Ayris sagte nichts, richtete sich auf, und ich bemerkte plötzlich, dass er sein Gesicht gesenkt hatte, um meiner Geschichte zuzuhören. Seine Augen huschten zwischen mir und den beiden Männern vor ihm hin und her, und das Lager blieb unheimlich still. Panik begann in meiner Kehle aufzusteigen, als ich mich fragte, ob er mich für das, was ich getan hatte, verletzen oder sogar töten würde. Ich hatte keine Ahnung, nach welchen Regeln ich in diesem seltsamen Ort, gefüllt mit wilden, knurrenden Fremden, handeln sollte. Auch ihre ständige Bezeichnung für mich als 'Mensch' ließ mein Gehirn rasen.

„Komm mit mir“, sprach er, seine Worte direkt an mich gerichtet, während das gesamte Lager gespannt zusah. Die Panik nahm zu, die Gedanken daran, wohin er mich bringen würde oder was er mit mir tun würde, weil ich seine Männer verletzt hatte, ließen meine Knie zittern, als er fest meine unverletzte Schulter packte und mich durch das Lager führte. Alle Augen waren auf uns gerichtet, während die Männer langsam wieder an die Arbeit gingen, sich durch die Massen von Zelten und Tischen bewegten; aber heimlich opportunistische Blicke auf die Quelle des Aufruhrs in ihrem Militärlager warfen. Ich begann plötzlich zu realisieren, dass es jetzt dunkel wurde, das sanfte Zwielicht des Abends in Greenvale hatte nun der Nacht in welchem gottverlassenen Ort auch immer Platz gemacht, in dem ich mich befand. Die dunklen Stoffe der Zelte flatterten im Wind, während wir vorbeigingen, die arbeitenden Körper der Männer machten Platz für ihren Kommandanten, indem jeder Mann anmutig zur Seite trat, um uns Durchgang zu gewähren.
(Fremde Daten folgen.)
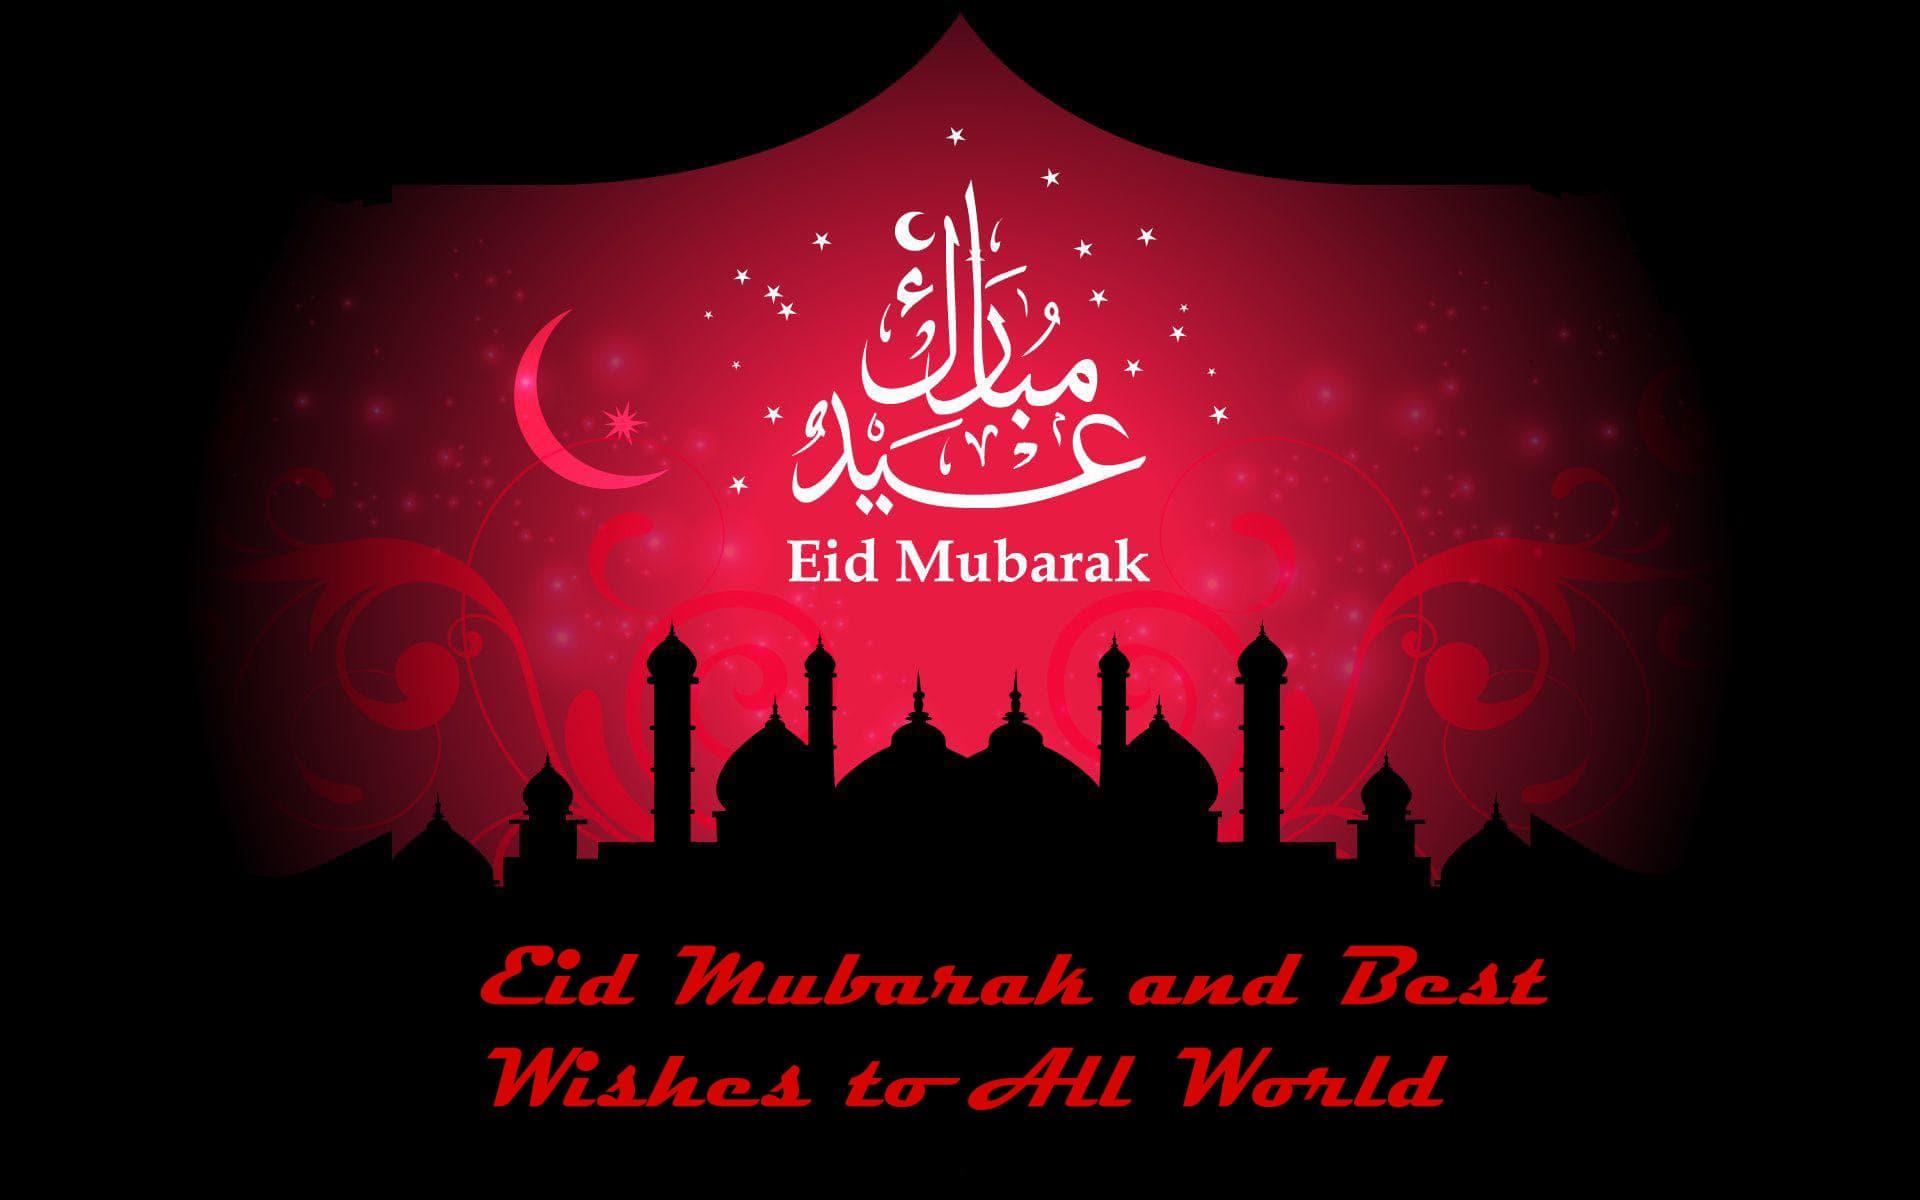 Best Eid Mubarak Wallpaper Eid Mubarak 2020 4k 1920x1200 Download Hd Wallpaper Wallpapertip

Ich kämpfte darum, Schritt zu halten, während wir uns zu einem unbekannten Ziel schlängelten. Seine Schritte waren schnell und groß, dank seines enormen Rahmens. Bin ich irgendwie in eine Welt voller Riesen geraten? fragte ich mich, mein Gehirn versuchte, die Möglichkeit meines bevorstehenden Todes oder Schlimmeres zu ignorieren, als wir abrupt vor einem Zelt anhielten, das sich offenbar im Zentrum des Lagers befand. Ayris hob die Zeltklappe und bedeutete mir, hineinzugehen. Galle stieg in meiner Kehle auf, als ich mich fragte, welche Schrecken mich darin erwarteten.